VISA CHINOIS : INDIQUE-T-IL VOTRE CLASSE SOCIALE ?
Chaque jour, de nombreux étrangers migrent vers cette nouvelle terre d'opportunités pour travailler, faire des affaires, étudier ou, pour certains, simplement s'installer. Il faut donc se poser la question : « Combien d'entre nous prennent réellement le temps de connaître les lois chinoises sur les visas ? » Il est assez courant que les étrangers déterminent la classe sociale des autres étrangers en fonction du type de visa.
Découvrez « l’étranger titulaire d’un visa de travail » : il effectue ses neuf à dix-sept heures, cinq à six fois par semaine, est payé à la fin de chaque mois, reçoit un contrat défini de son employeur ainsi qu’un visa de travail, un permis de séjour et un permis de travail valables un an. Il est encouragé comme contribuable et moteur de l’économie. Les étrangers de cette catégorie sont ensuite répartis dans les classes A, B et C selon un système de points fondé sur leur revenu, leur expérience et leurs qualifications : la classe A est la plus encouragée, la classe B est encouragée mais étroitement surveillée — les enseignants d’anglais langue seconde s’y trouvent généralement — et la classe C est restreinte.

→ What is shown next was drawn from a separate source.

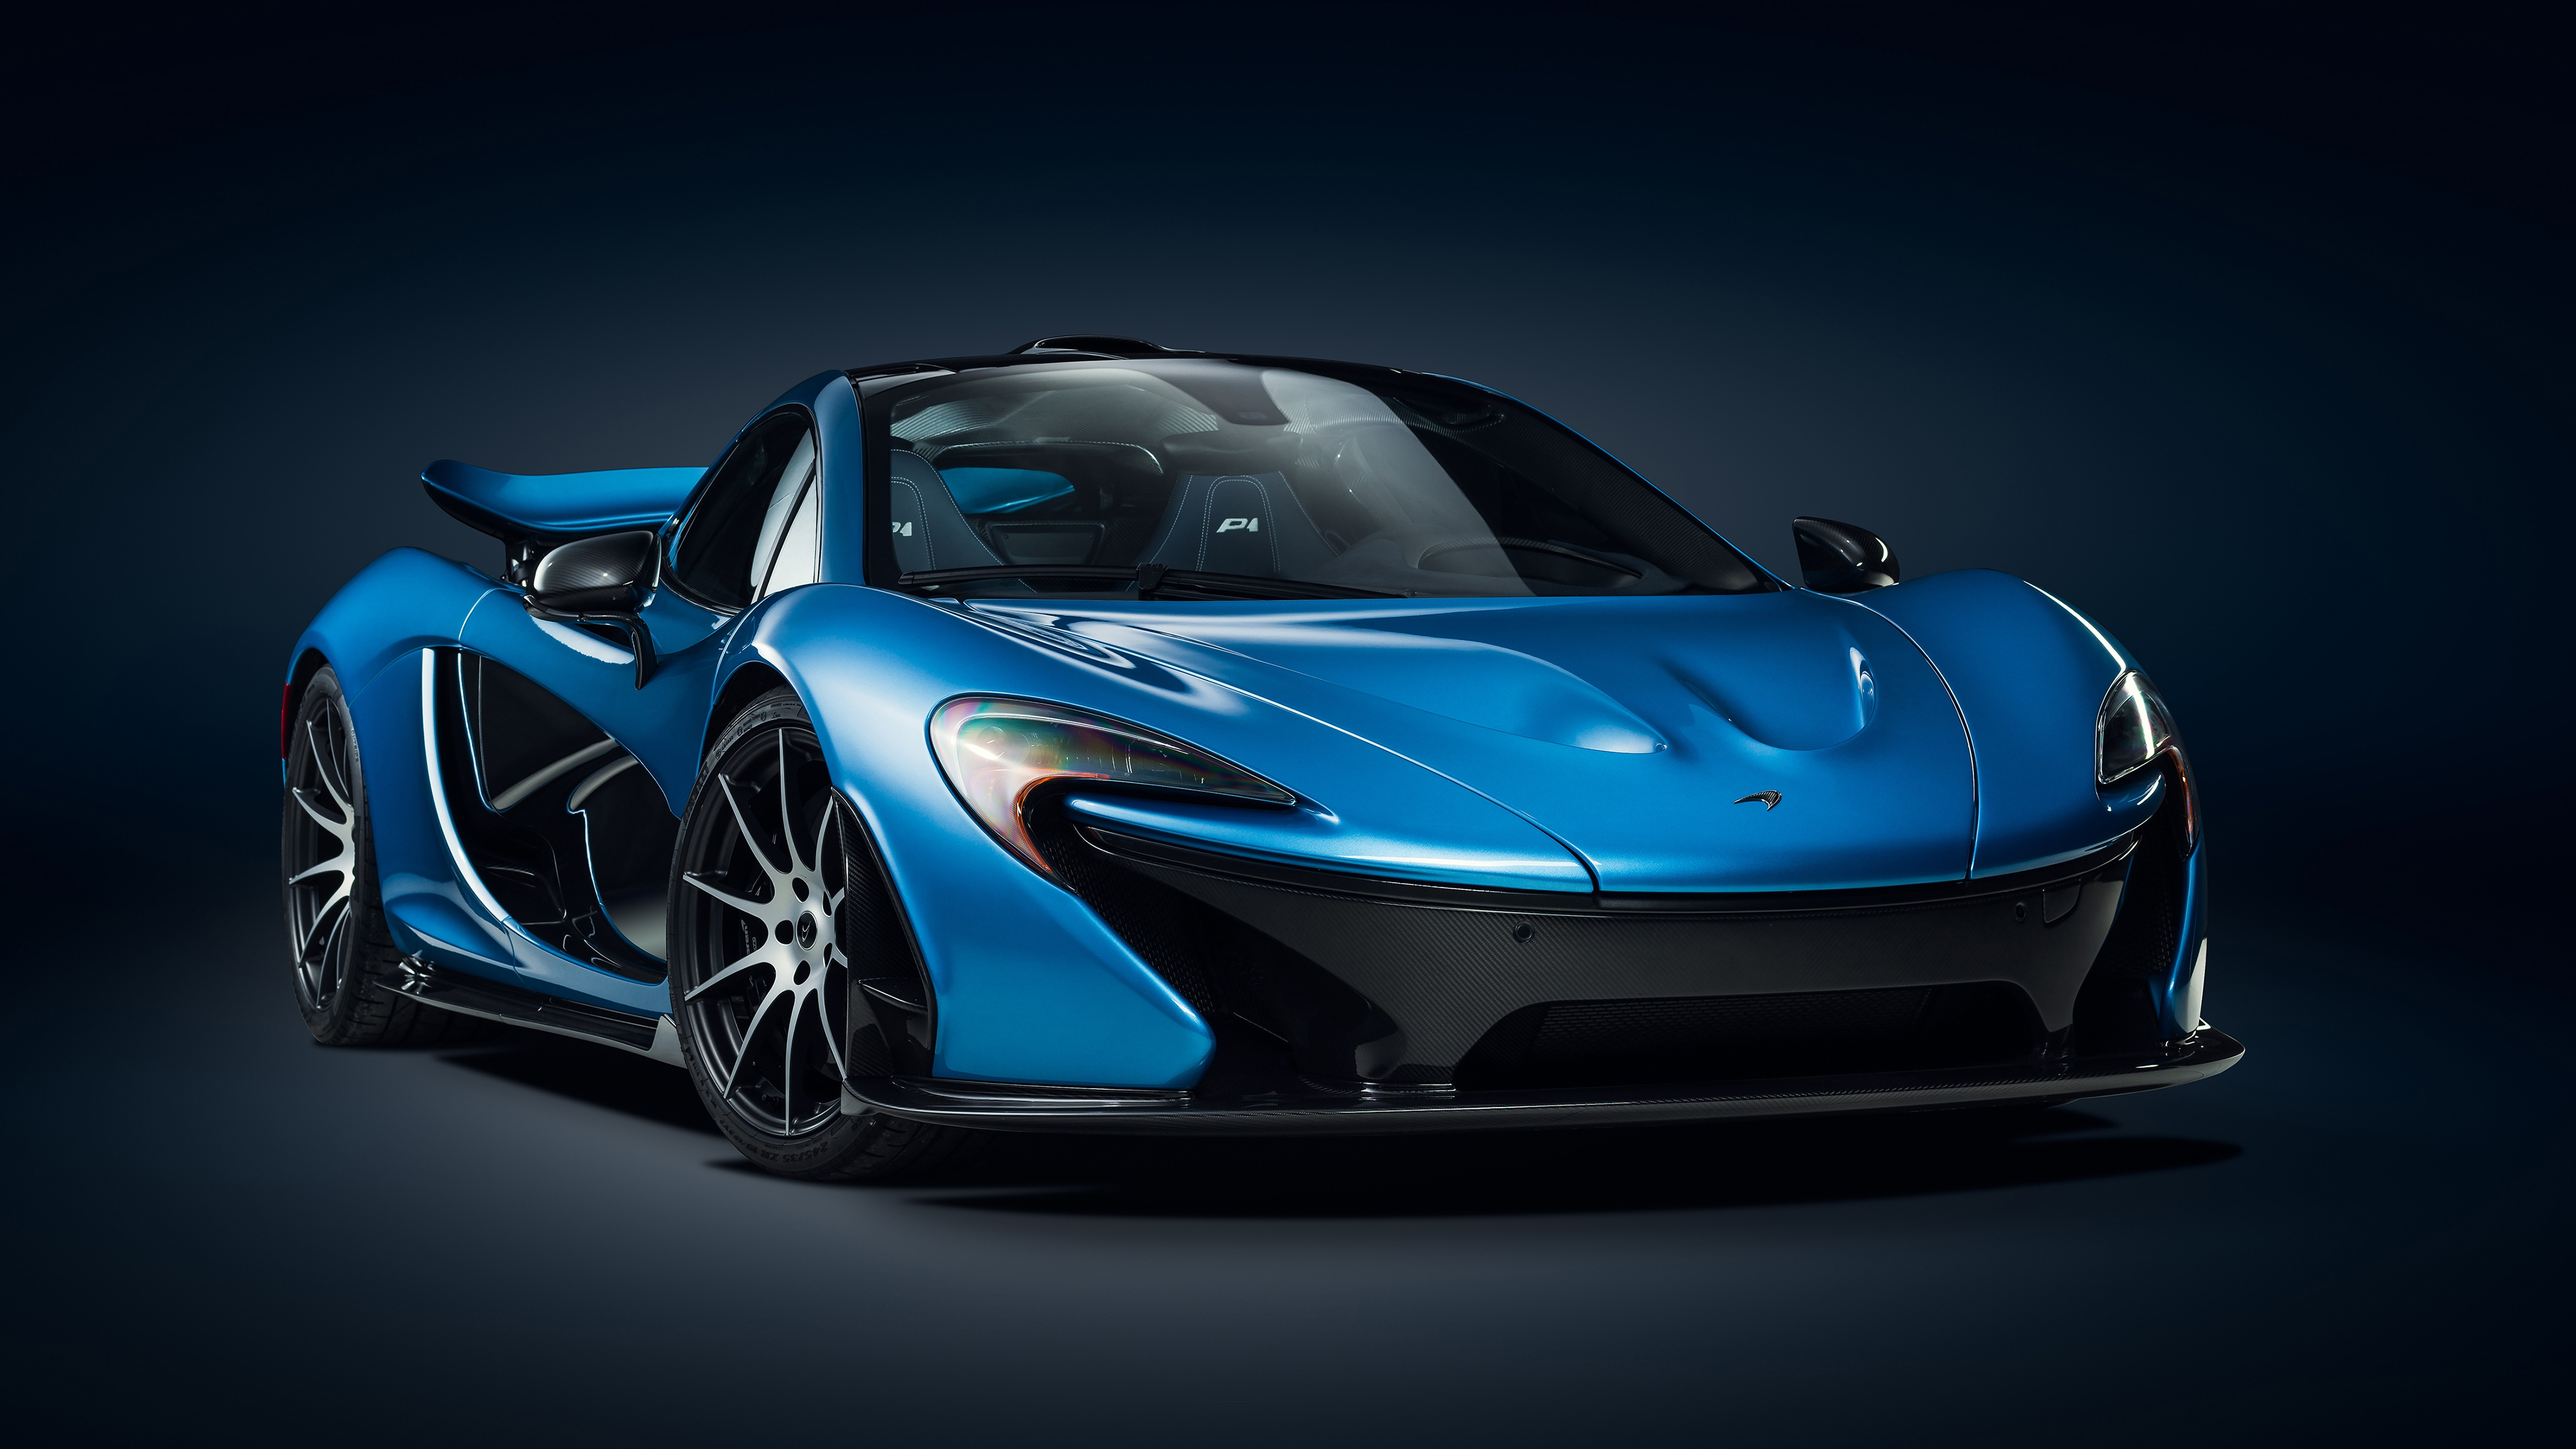 Gorgeous Blue McLaren P1 4k Ultra Fondo de pantalla HD ...

Différents classements sociaux apparaissent au sein des « étrangers titulaires d'un visa de travail ». Selon les autorités, les étrangers de catégorie A sont les grands talents. Le traitement de leur visa peut être achevé en quelques jours. Ils bénéficient de divers avantages complémentaires accordés par les autorités des visas. Les étrangers de catégorie A sont rares et circulent parmi nous en cachant leur identité. Les étrangers de catégorie B, bien que moins bien classés que ceux de catégorie A, restent encouragés car ils apportent des recettes fiscales. Les titulaires d'un visa de travail sont classés selon un système de points : plus le score est élevé, plus la catégorie l'est aussi.
Il y a ensuite « l’étranger titulaire d’un visa d’affaires », qui se divise encore en deux catégories : « l’étranger en règle avec un visa d’affaires » et « l’étranger en situation irrégulière avec un visa d’affaires ». Le premier possède réellement une entreprise en Chine ou est effectivement invité à y faire des affaires. La limitation de la durée du séjour ne le dérange pas : il entre simplement dans le pays, traite ses affaires et repart. Il y a ensuite « l’étranger en situation irrégulière avec un visa d’affaires ». Celui-ci n’a pas d’entreprise enregistrée à son nom et n’est pas véritablement invité à faire des affaires ou du commerce avec l’entreprise ayant émis l’invitation, mais obtient plutôt le visa d’affaires lorsque, pour une raison quelconque, un visa de travail semble impossible. Les étrangers titulaires de ce visa redoutent souvent le coût supplémentaire des entrées et sorties du pays imposées par la limitation du séjour à 30–90 jours.
Seuls certains types d'étrangers peuvent conserver un tel visa s'ils ont l'intention de séjourner longtemps en Chine. Les autres étrangers qui ne peuvent supporter un tel coût finissent par rentrer chez eux.
Outre « l’étranger titulaire d’un visa étudiant », il existe « l’étranger titulaire d’un visa de conjoint », lui aussi divisé en deux sous-catégories, Q1 et Q2. Un conjoint muni d’un visa Q1 peut rester dans le pays jusqu’à un an avant de renouveler son visa, tandis qu’avec un visa Q2, le séjour est limité à 180 jours, après quoi il doit quitter le pays puis y entrer de nouveau.
Ce type de visa est, selon certains, le plus sournois de tous : vous avez le droit d’épouser une personne en Chine, mais une fois votre visa familial activé, il vous est interdit de travailler. Pour travailler, vous devez renoncer à votre statut de conjoint et vous identifier comme salarié contribuant aux impôts. N’est-ce pas sournois jusqu’au cœur ?
Nous sommes au XXIe siècle, une époque bien particulière où les hommes comme les femmes travaillent pour contribuer au foyer. Interdire à un conjoint de travailler transforme donc une étrangère titulaire d’un visa familial en femme au foyer et un homme étranger titulaire de ce visa en personne incapable de subvenir aux besoins fondamentaux de sa famille.
Il semble que le visa de conjoint soit placé dans la classe sociale la plus basse. Récemment, même la situation des étrangers titulaires d’un visa étudiant fait débat : les étudiants devraient-ils être autorisés à travailler ? En revanche, aucune discussion n’a porté sur la possibilité pour les étrangers de travailler avec un visa de conjoint, et ceux-ci continuent de vivre dans la bulle correspondant à leur classe sociale, quelle qu’elle soit.